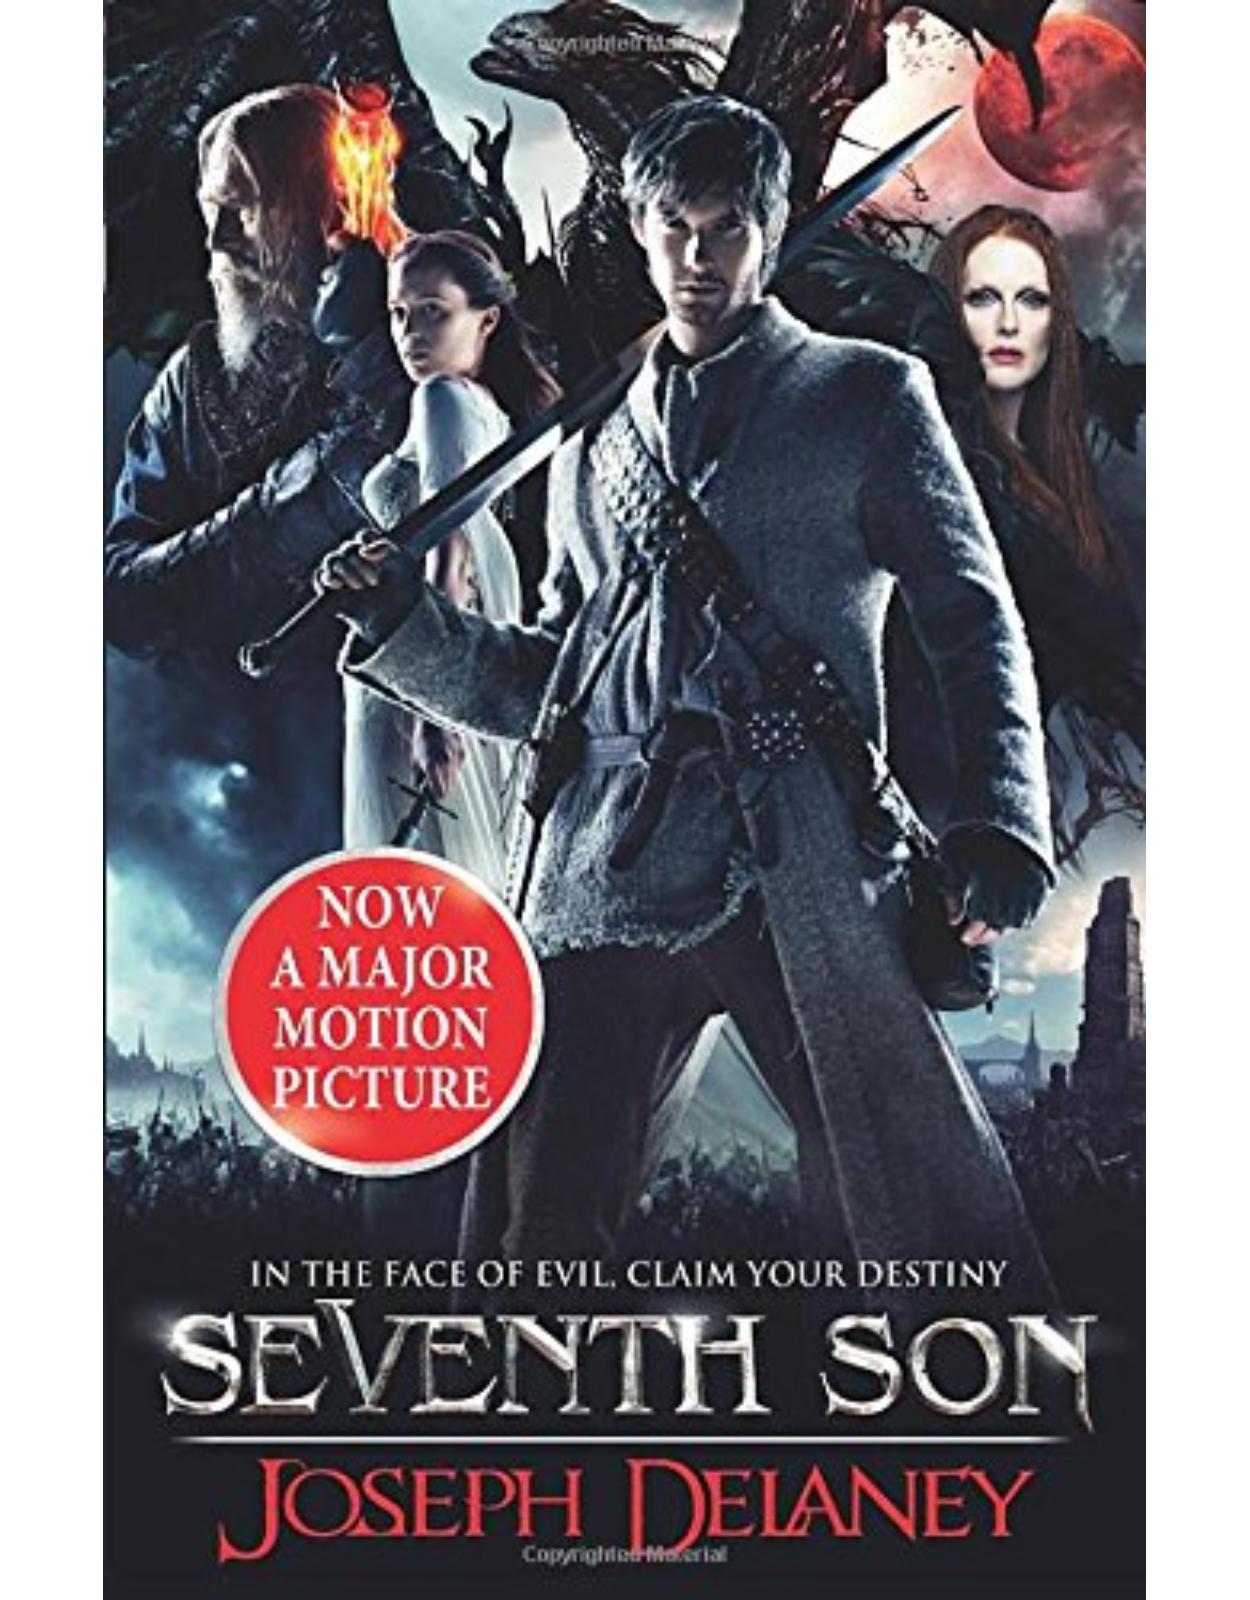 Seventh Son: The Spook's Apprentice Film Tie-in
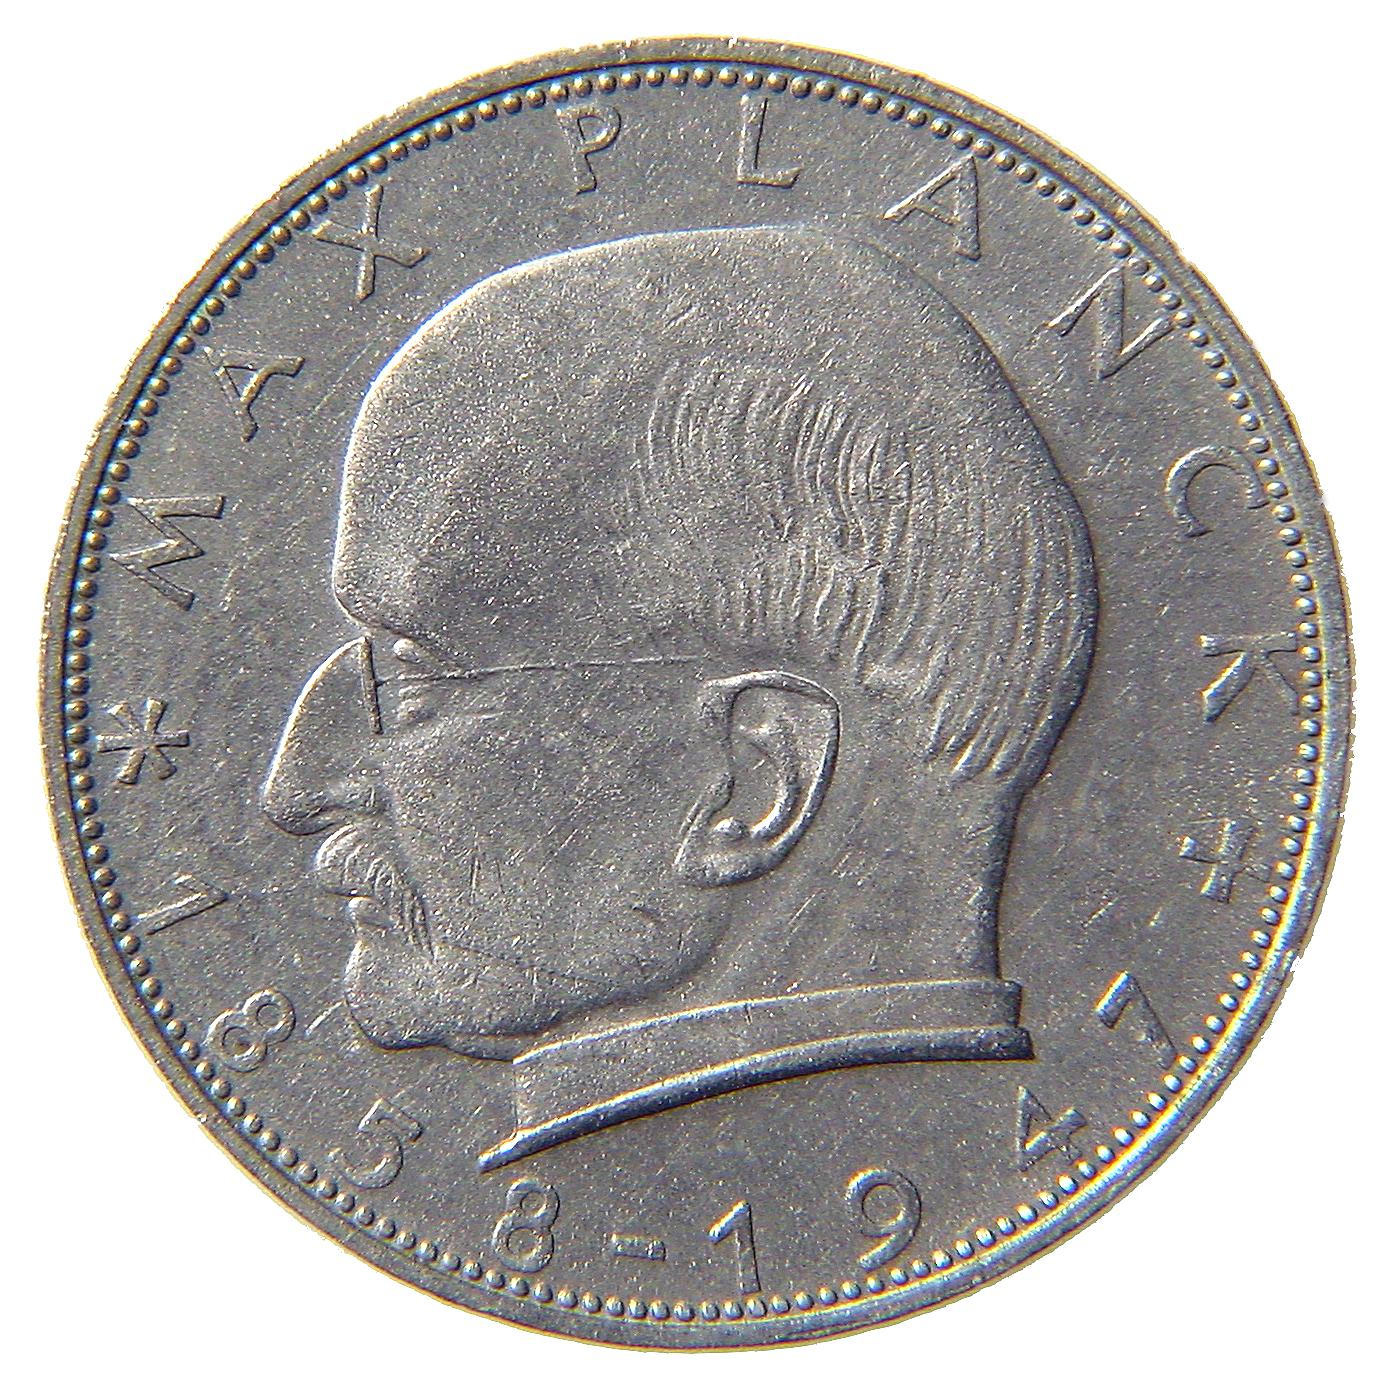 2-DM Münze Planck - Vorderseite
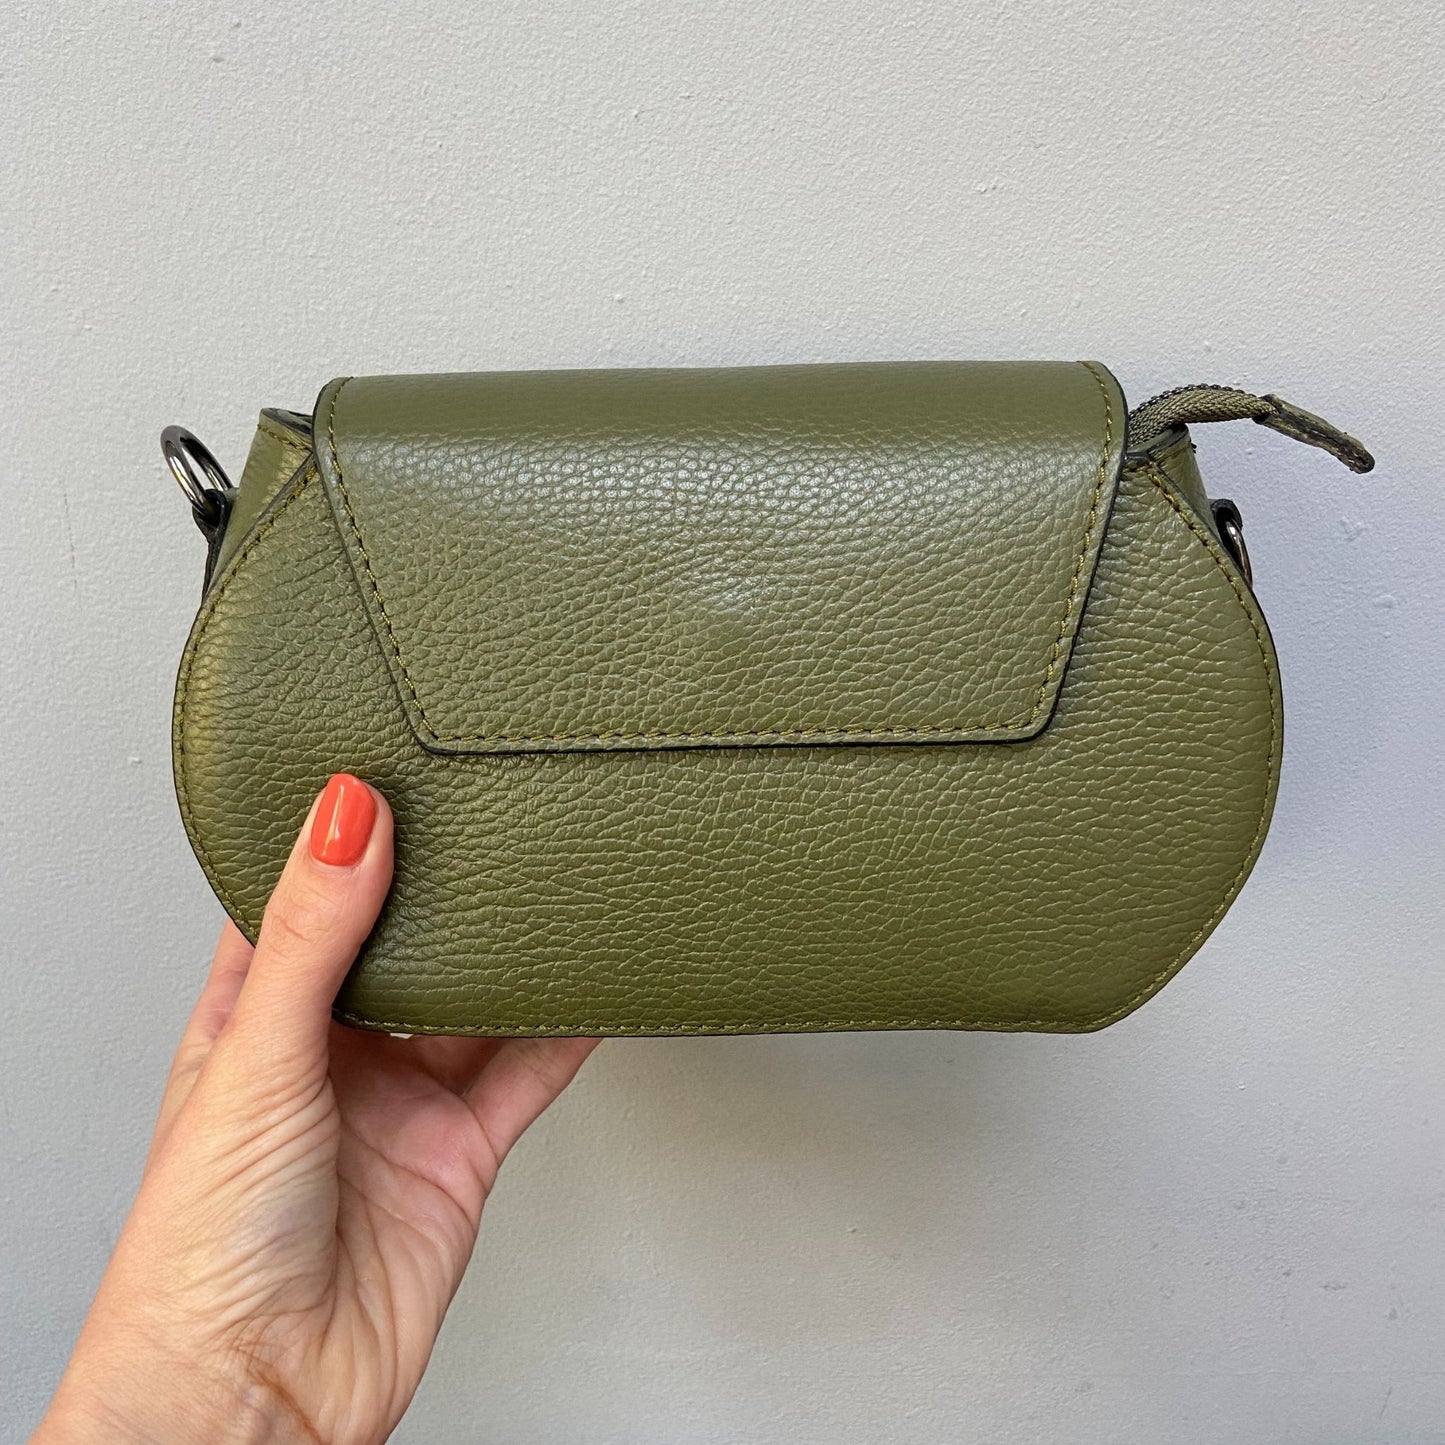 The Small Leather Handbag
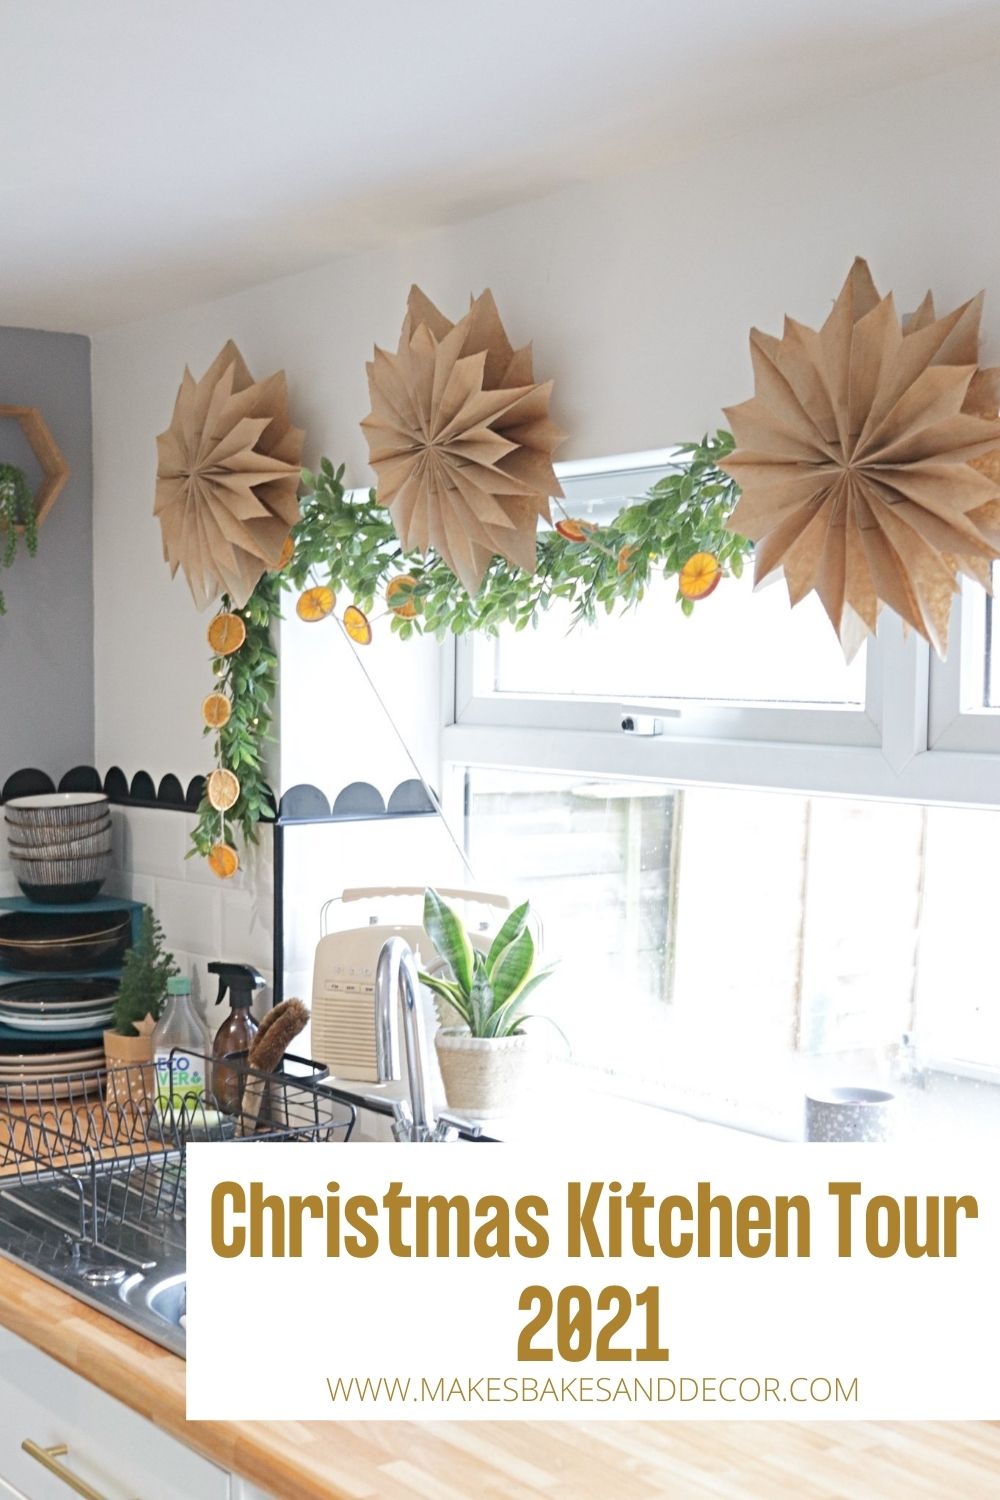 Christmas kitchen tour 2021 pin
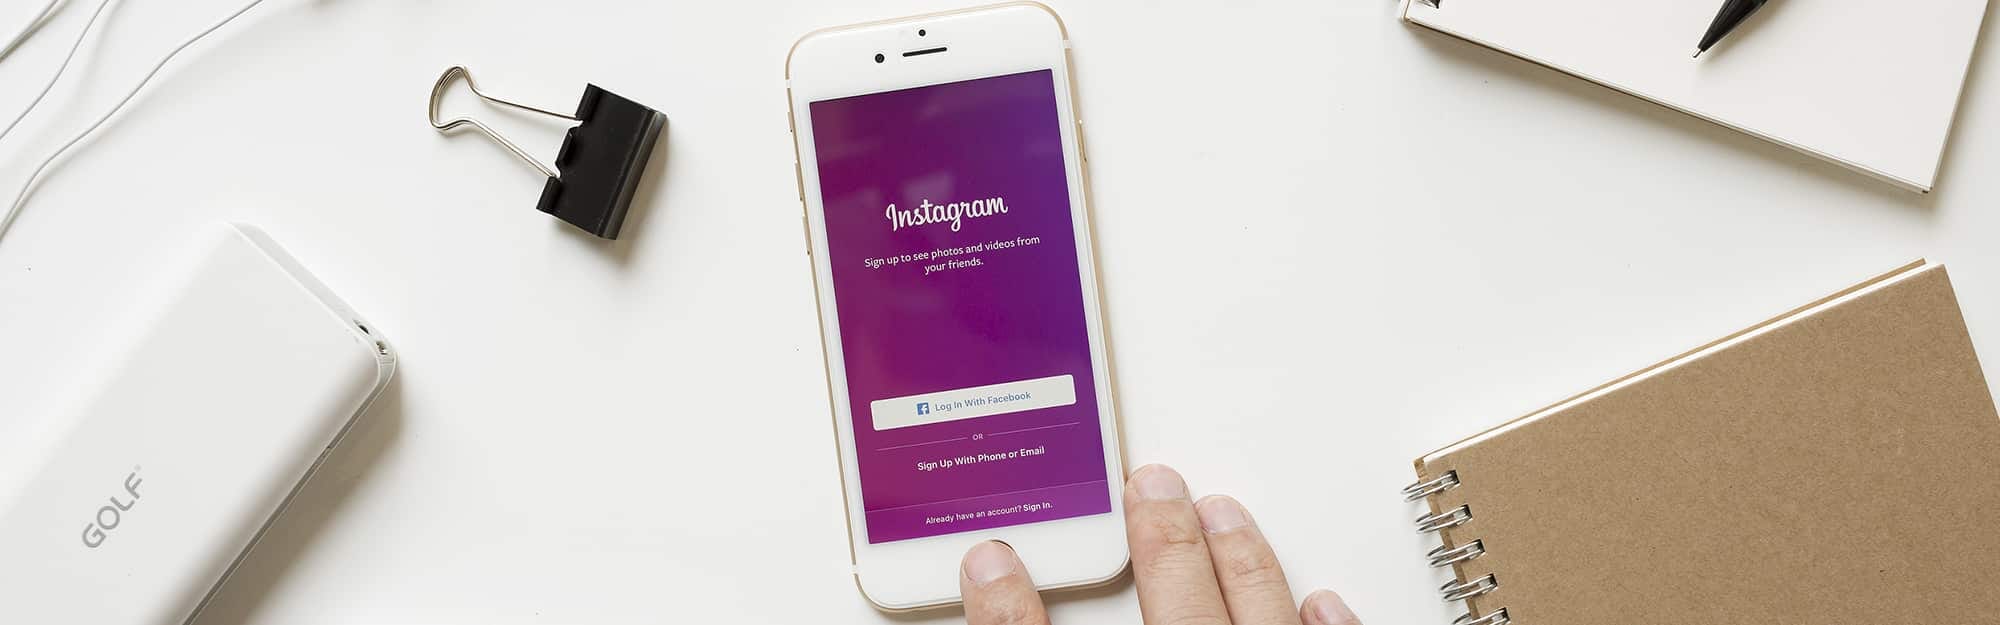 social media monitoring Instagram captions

•••••

▸ **Instructions to follow**
If the records include pictures, omit them and transcribe everything else exactly.

▸ **Result for this exercise**
 Seventh Son: The Spook's Apprentice Film Tie-in
 2-DM Münze Planck - Vorderseite
 The Small Leather Handbag
 Christmas kitchen tour 2021 pin
 social media monitoring Instagram captions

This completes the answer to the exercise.